Kripto Para Analistlerinin Görüşleri
Kripto para analistleri, BRICS ülkelerinin ABD dolarına olan yönelimlerini azaltma konusunda önemli adımlar attığını gözlemliyor. Hindistan ve bazı Afrika ülkeleri, altın rezervlerini daha önce görülmemiş oranlarda ülkelerine geri göndererek bu harekete ivme kazandırmış durumda. Dolar rezervlerinin altınla stratejik olarak değiştirilmesi, doların küresel finans üzerindeki hakimiyetini zayıflatma niyetlerinin açık bir göstergesi.

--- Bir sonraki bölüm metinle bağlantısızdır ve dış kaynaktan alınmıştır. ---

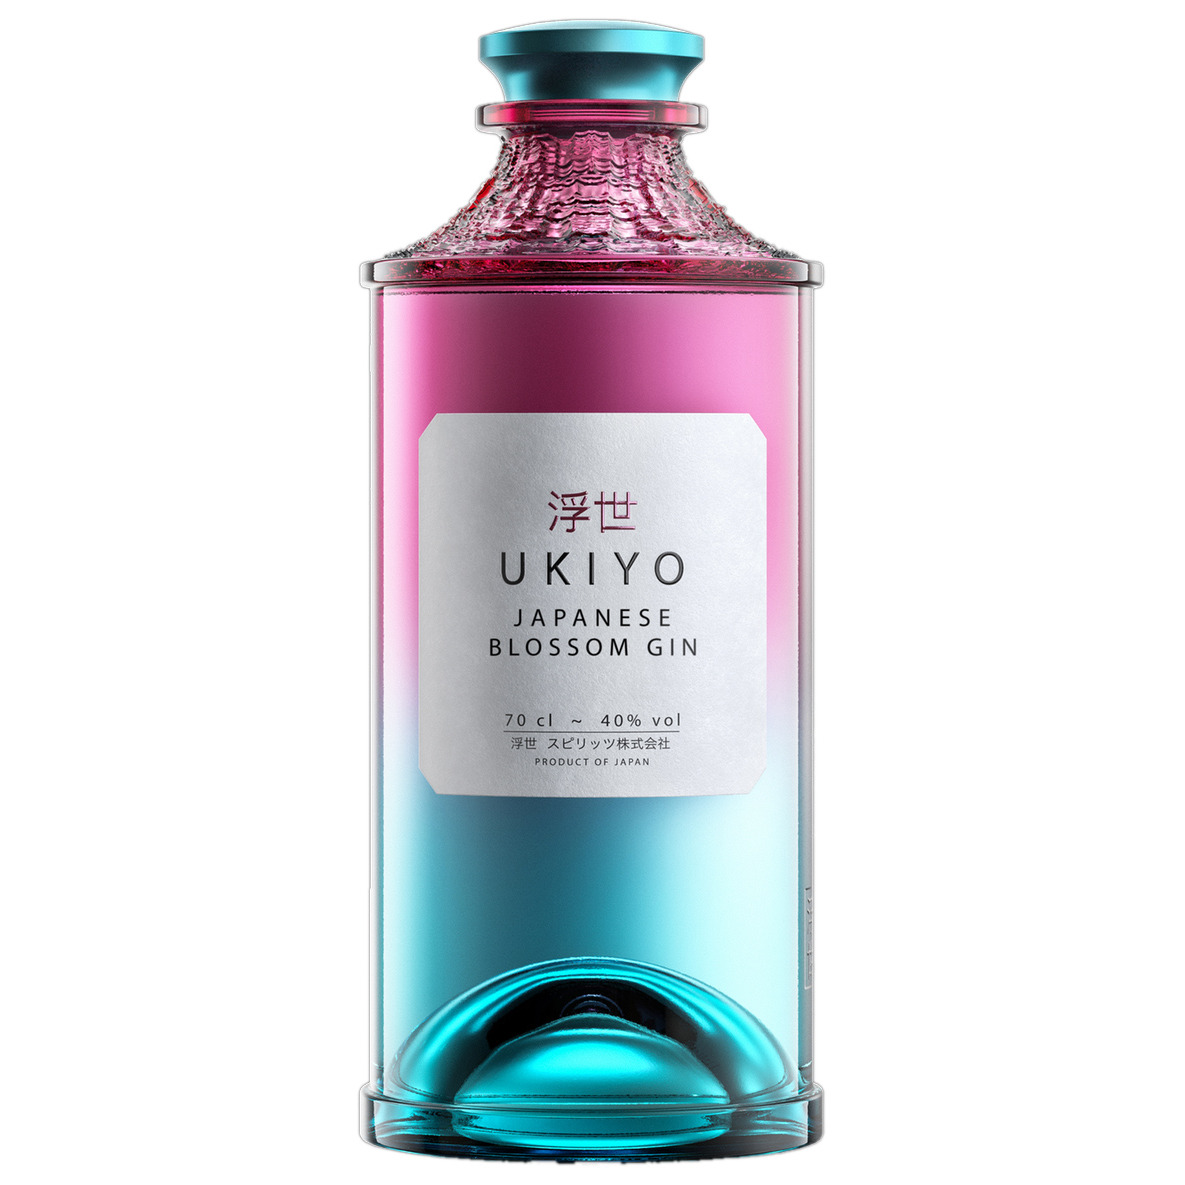 Ukiyo - Japanese Blossom Gin 70cl

BRICS ittifakının jeopolitik etkisi de giderek daha belirgin hale gelmekte. Bu ülkeler, geleneksel güç dinamiklerine meydan okuyarak uluslararası ilişkilerin manzarasını değiştiriyor. New York Times yazarı Jim Rickards gibi bazı yorumcular, özellikle Ukrayna’da devam eden savaş gibi çatışmalarda ABD’nin hala önemli bir kontrole sahip olduğuna inanırken, BRICS ülkelerinin eylemleri aksini gösteriyor. Rickards, ABD’nin gözetleme varlıklarını geri çekmesi nedeniyle savaşın yakında sona erebileceğini ve bunun da Ukrayna’ya verilen desteğin azalması anlamına geldiğini ileri sürüyor.
Petrodolar Anlaşmasının Sonuçları Neler Olabilir?
Bir diğer kritik gelişme de Suudi Arabistan’ın petrodolar anlaşmasını feshetmesi. Bu hamle analistler tarafından ABD dolarına potansiyel bir darbe olarak görülmekte ve finansal ortamı daha da karmaşık hale getirmekte. Bu anlaşmanın sona ermesi, petrol işlemlerinin tarihsel olarak dolar üzerinden gerçekleştirilmesi ve doların küresel hakimiyetini pekiştirmesi nedeniyle büyük bir değişim anlamına geliyor.
Çin’in bu gelişen senaryodaki rolü durumu daha da karmaşık hale getiriyor. Çin, BRICS üyesi olmakla birlikte, stratejik olarak BRICS ya da Uluslararası Para Fonu (IMF) ile uyum sağlamamayı seçti. Bu uyumsuz duruş, Çin’in değişen finansal ortamda daha fazla esneklik ve etkiyle yol almasına ve kurulu düzene daha fazla meydan okumasına olanak tanıyor.